NLRB - Guidelines Concerning Processing of Beck Cases

In Communications Workers v. Beck, 487 U.S. 735 (1988), the Supreme Court held that a collective-bargaining representative under the NLRA may not charge an objecting nonmember covered by a contractual union-security clause for union activities unrelated to collective bargaining, contract administration or grievance adjustment. In ALPA v. Miller, -- U.S. --, 158 LRRM 2321 (May 26, 1998), the Supreme Court recently held that agency fee objectors under the Railway Labor Act could not be required to exhaust union-established arbitration procedures before bringing their fee disputes to federal court. This Memorandum is intended to provide guidance on the processing of unfair labor practice charges alleging that unions have improperly charged objectors for nonrepresentational activities, in light of ALPA v. Miller.

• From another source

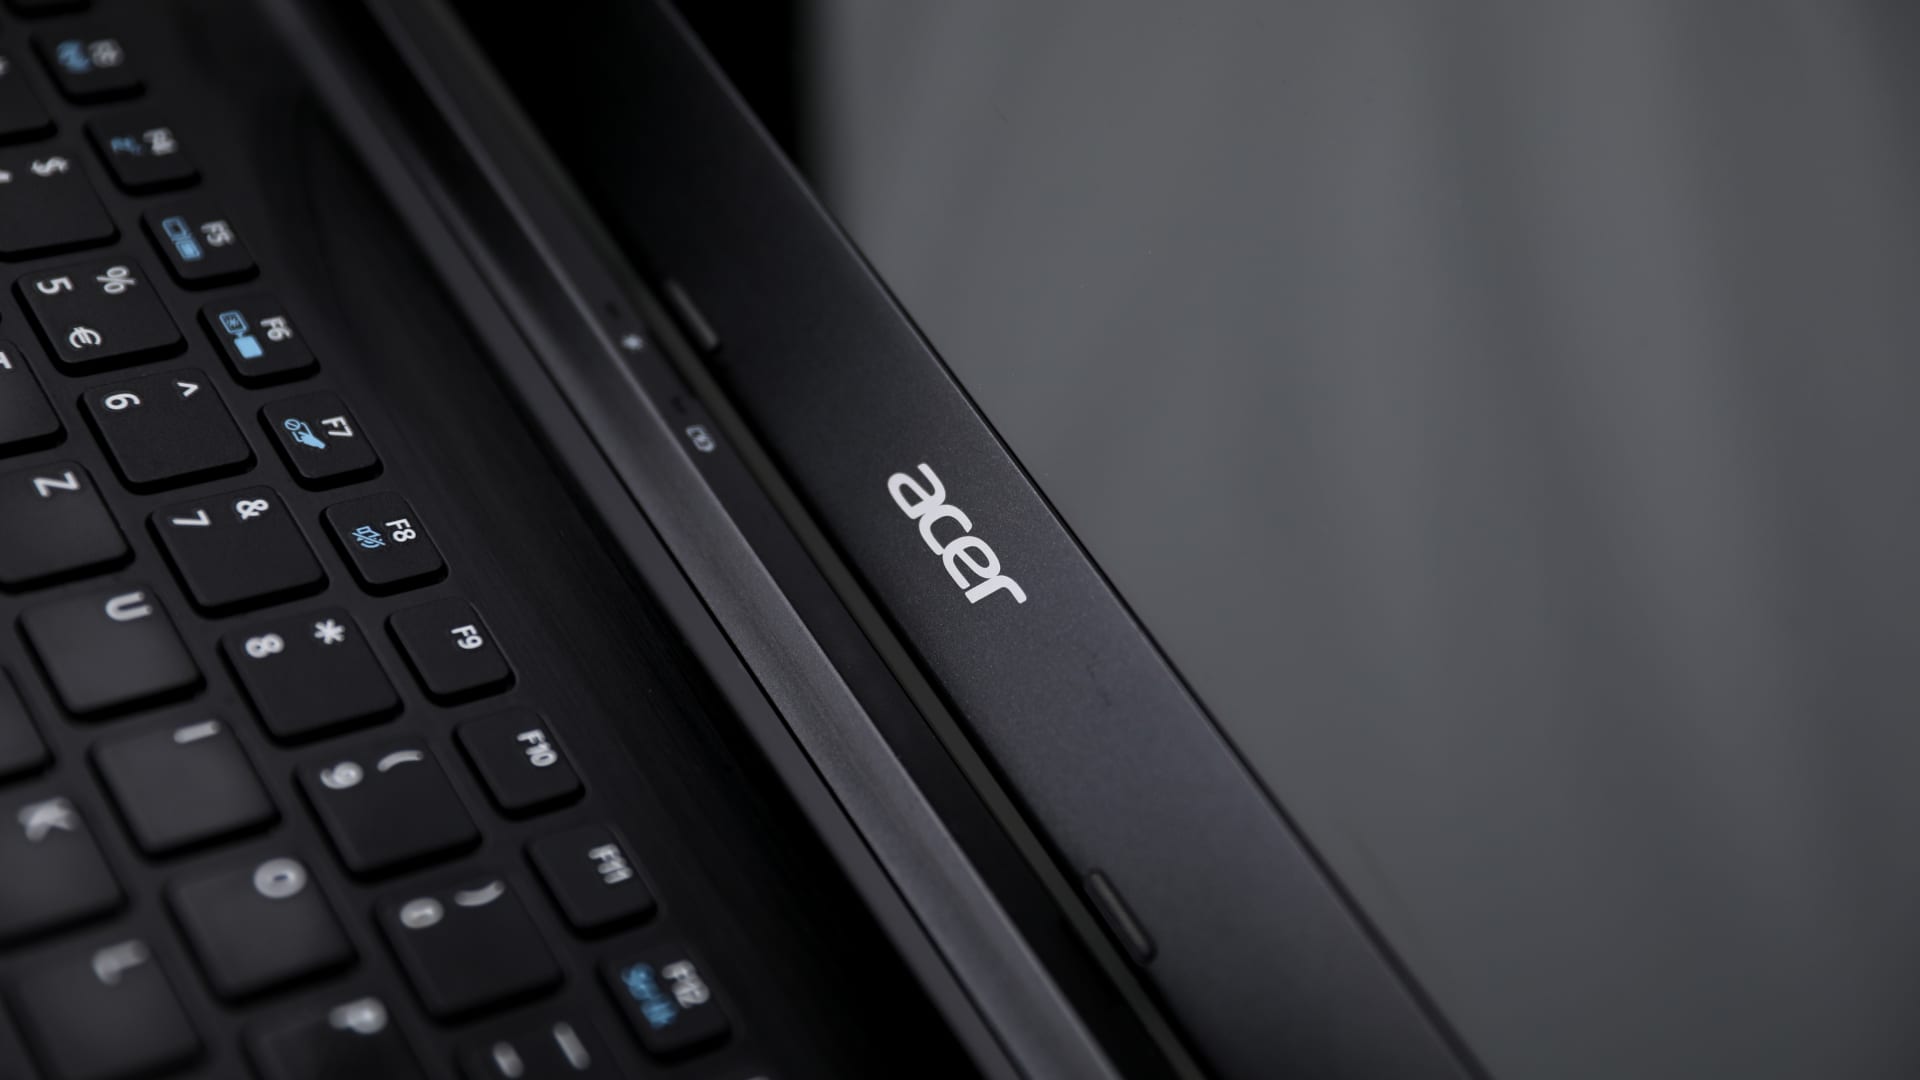 PC demand is back, says Acer CEO who sees robust growth in the 'foreseeable future'

In California Saw, 320 NLRB 224, 233 (1995), enf'd 133 F.3d 1012 (7th Cir. 1998), the Board held that, "when or before a union seeks to obligate an employee to pay fees and dues under a union-security clause, the union should inform the employee that he has the right to be or remain a nonmember and that nonmembers have the right (1) to object to paying for union activities not germane to the union's duties as bargaining agent and to obtain a reduction in fees for such activities; (2) to be given sufficient information to enable the employee to intelligently decide whether to object; and (3) to be apprised of any internal union procedures for filing objections. If the employee chooses to object, he must be apprised of the percentage of the reduction, the basis for the calculation, and the right to challenge these figures." Thereafter, in United Brotherhood of Carpenters and Joiners of America, Local Union No. 943 (Oklahoma Fixture Co.),1 the Board "made it clear that when a union seeks to require an objecting employee to pay dues under a union security clause, reasonable procedures must be available for filing challenges to the amounts charged."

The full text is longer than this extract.